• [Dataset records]
• • • • •
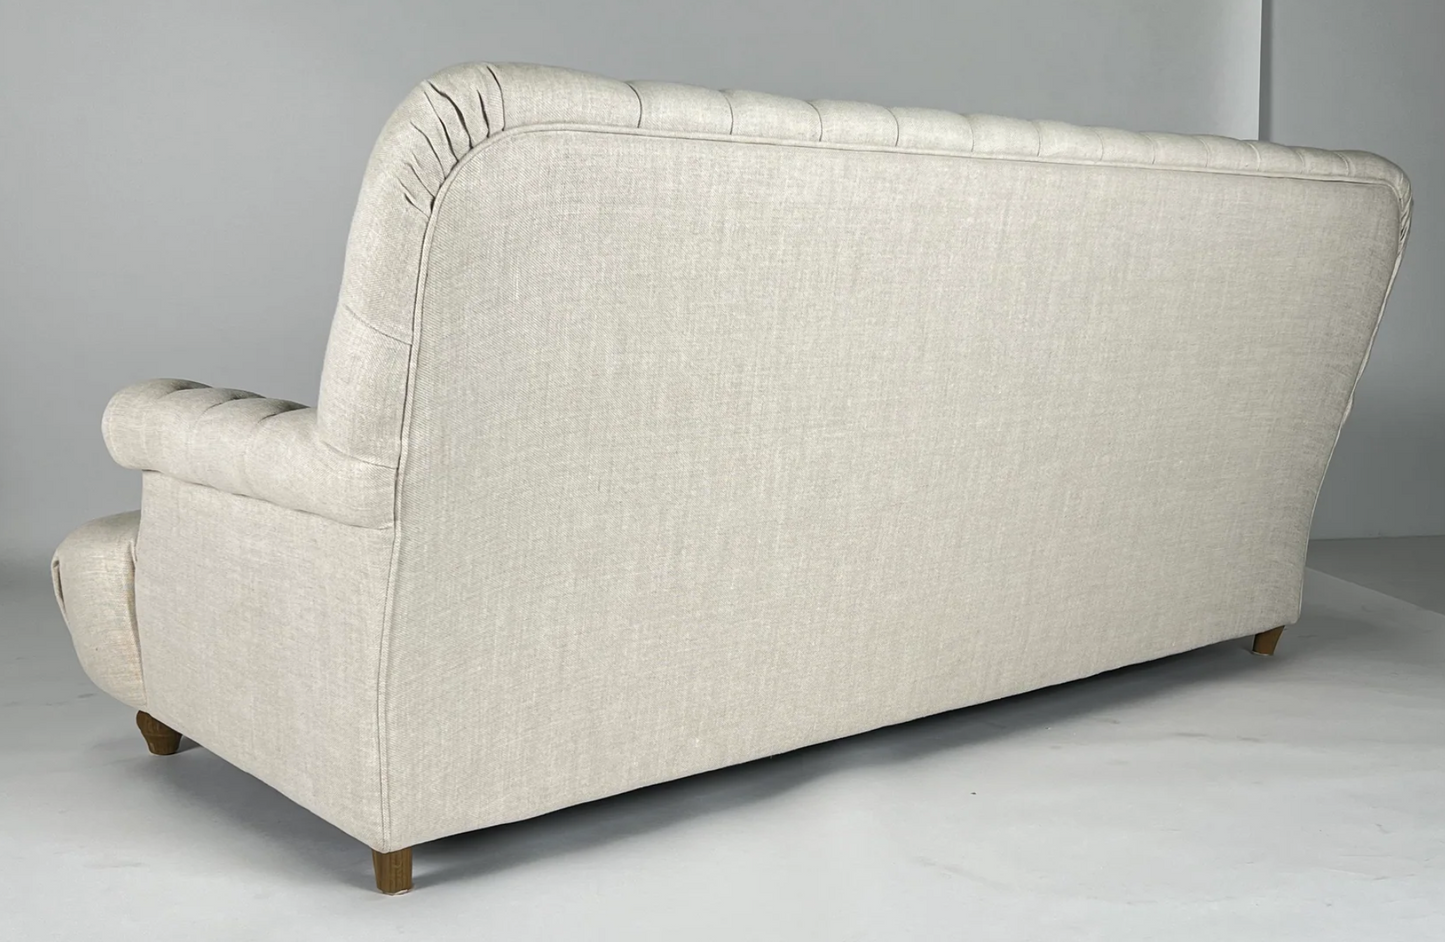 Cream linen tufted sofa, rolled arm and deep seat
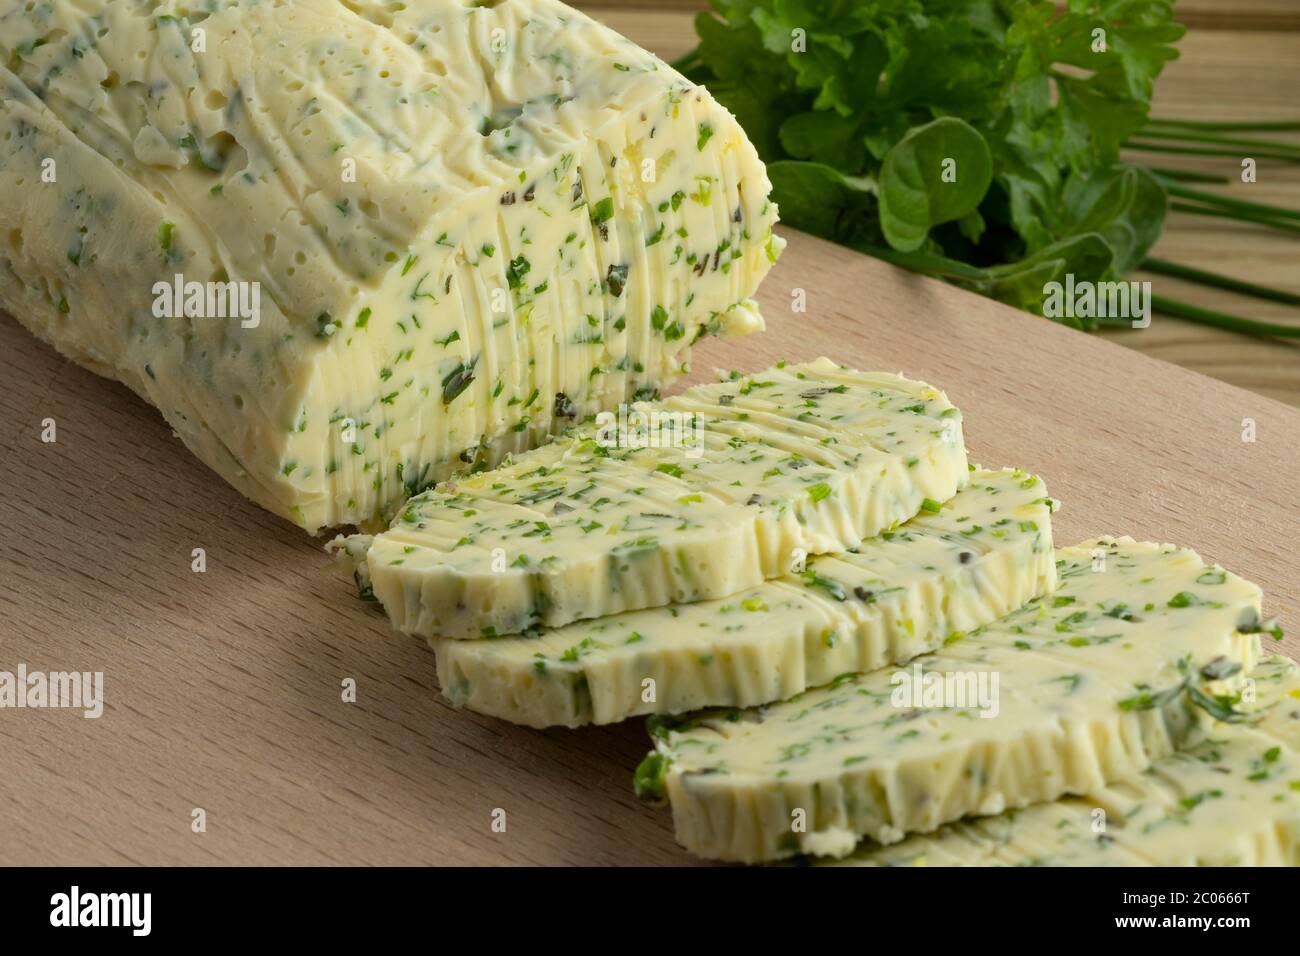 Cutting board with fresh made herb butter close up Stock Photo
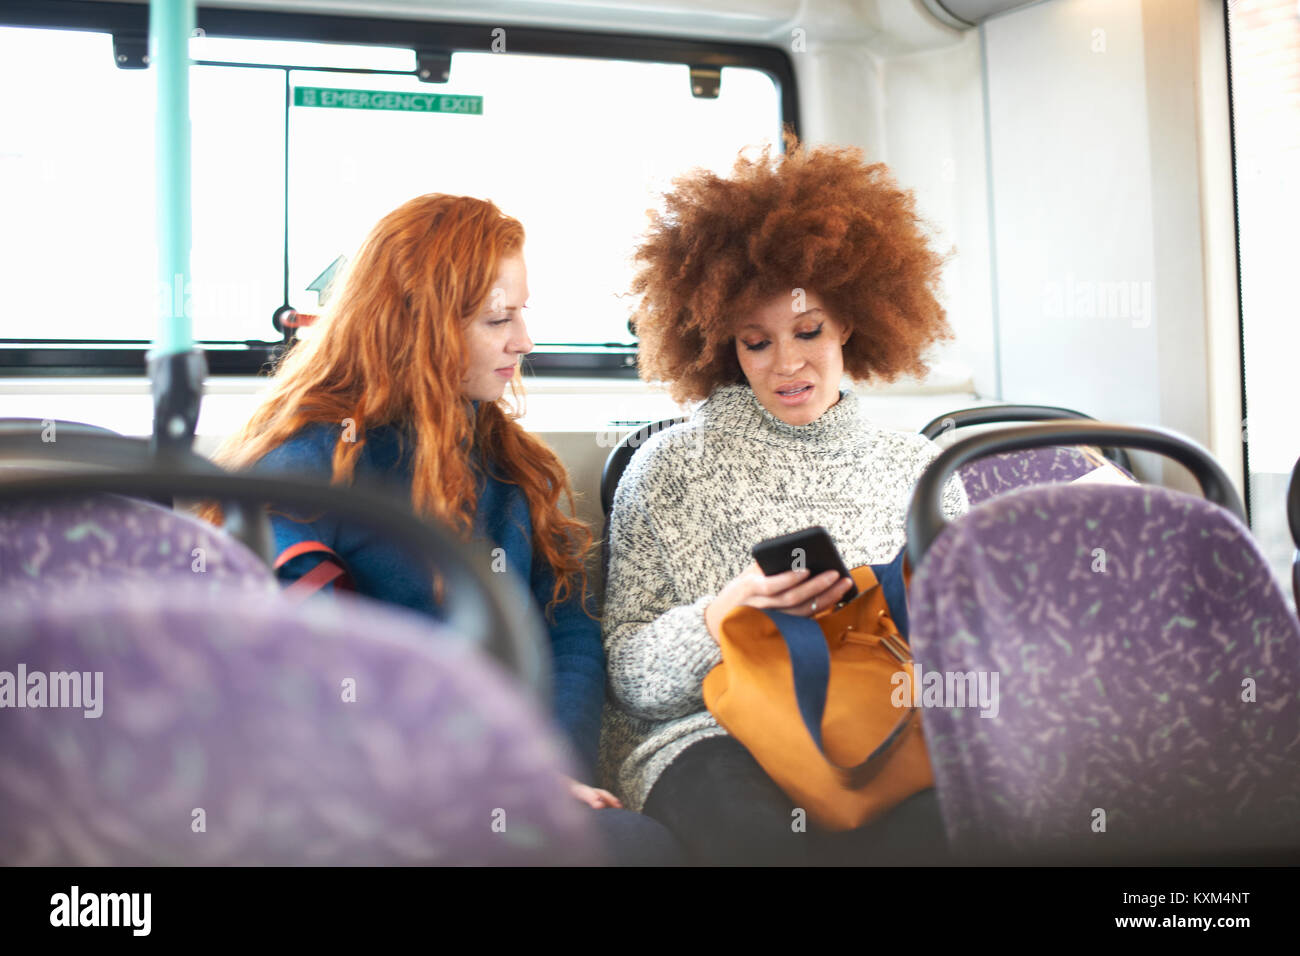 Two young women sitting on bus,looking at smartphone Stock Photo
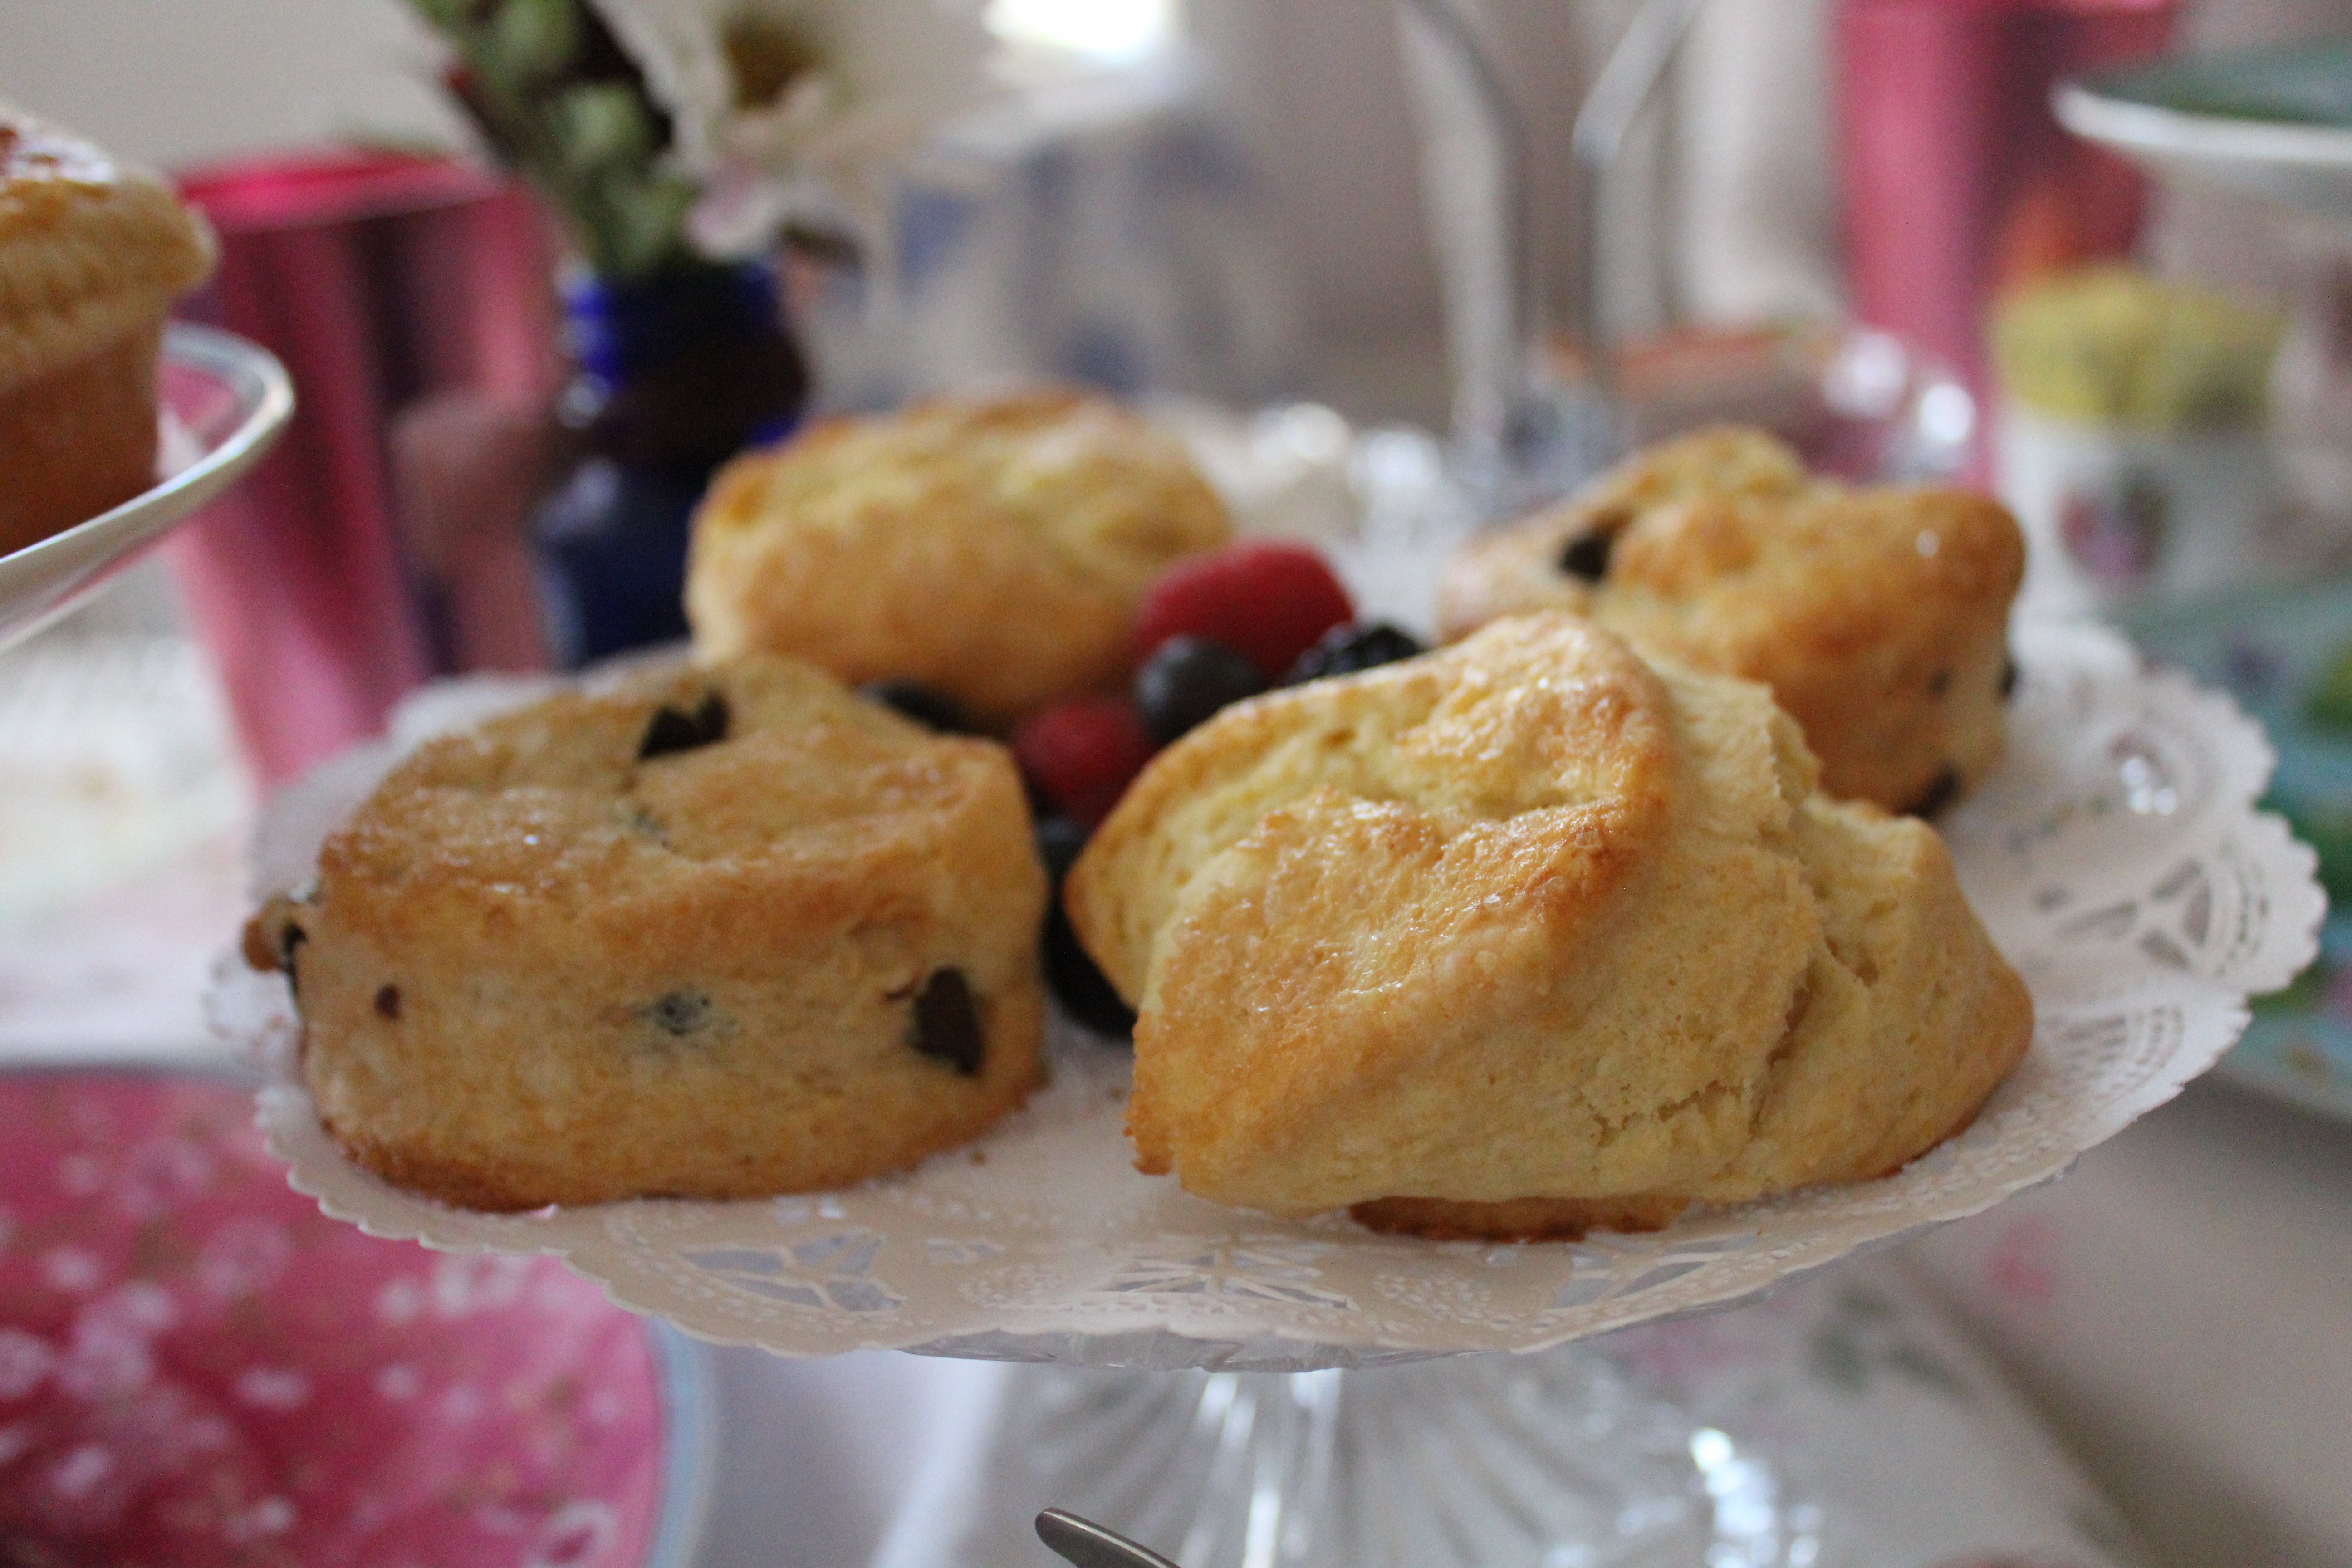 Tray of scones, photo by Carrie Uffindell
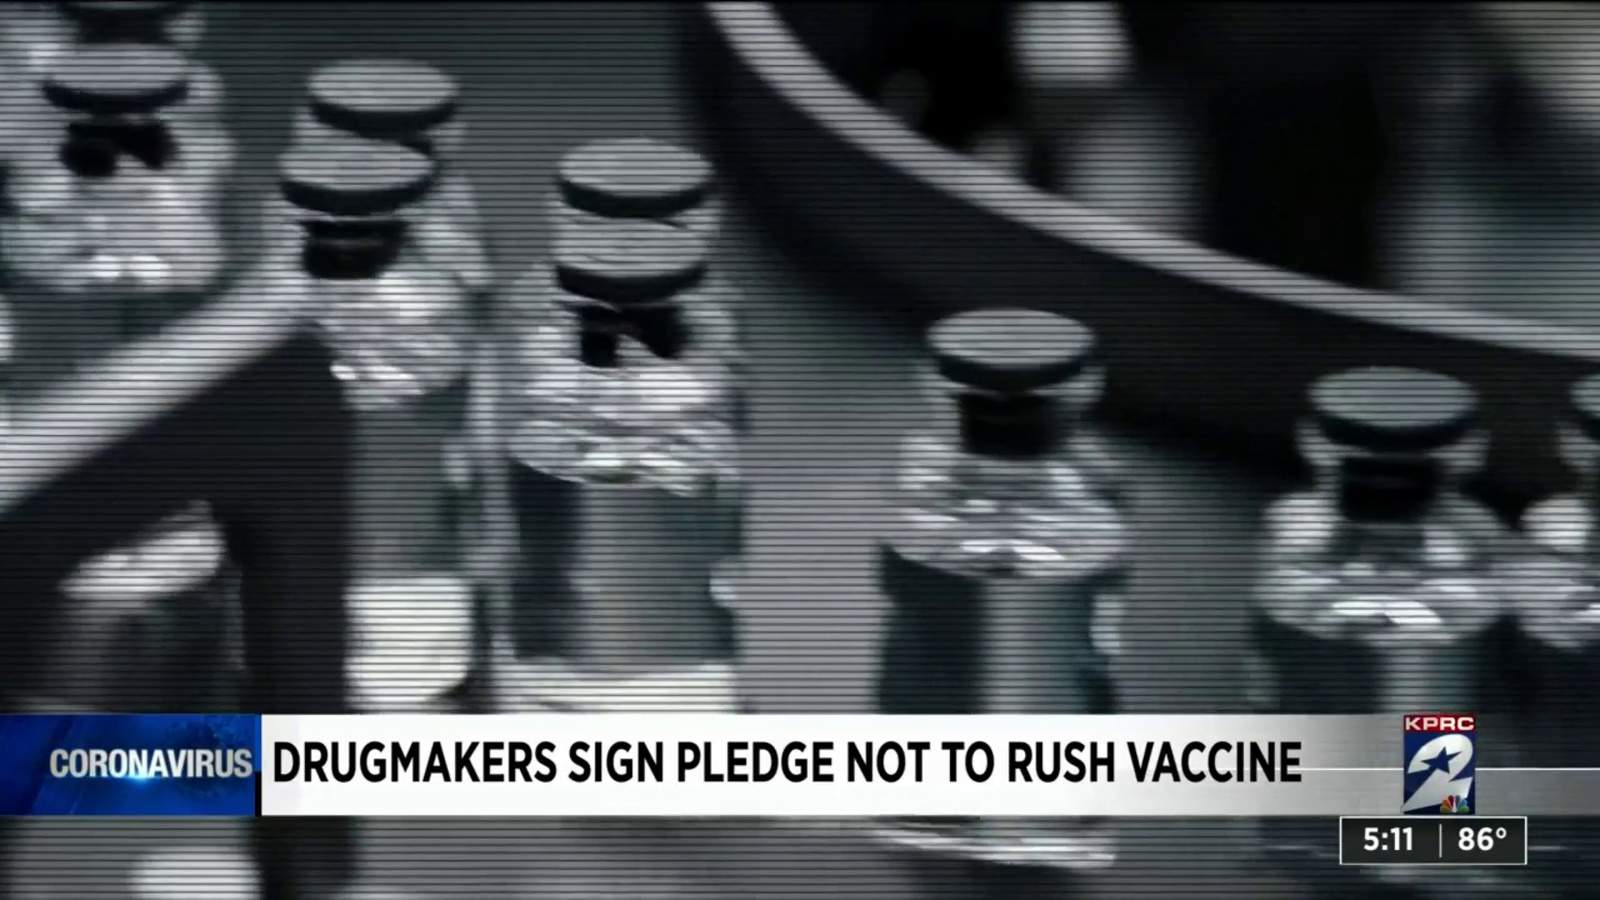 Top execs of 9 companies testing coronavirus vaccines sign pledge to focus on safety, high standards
• • • • •
An exact copy of the records above is required, leaving out the pictures.

• [SOLVED EXERCISE]
 Cream linen tufted sofa, rolled arm and deep seat
 Cutting board with fresh made herb butter close up Stock Photo
 Two young women sitting on bus,looking at smartphone Stock Photo
 Tray of scones, photo by Carrie Uffindell
 Top execs of 9 companies testing coronavirus vaccines sign pledge to focus on safety, high standards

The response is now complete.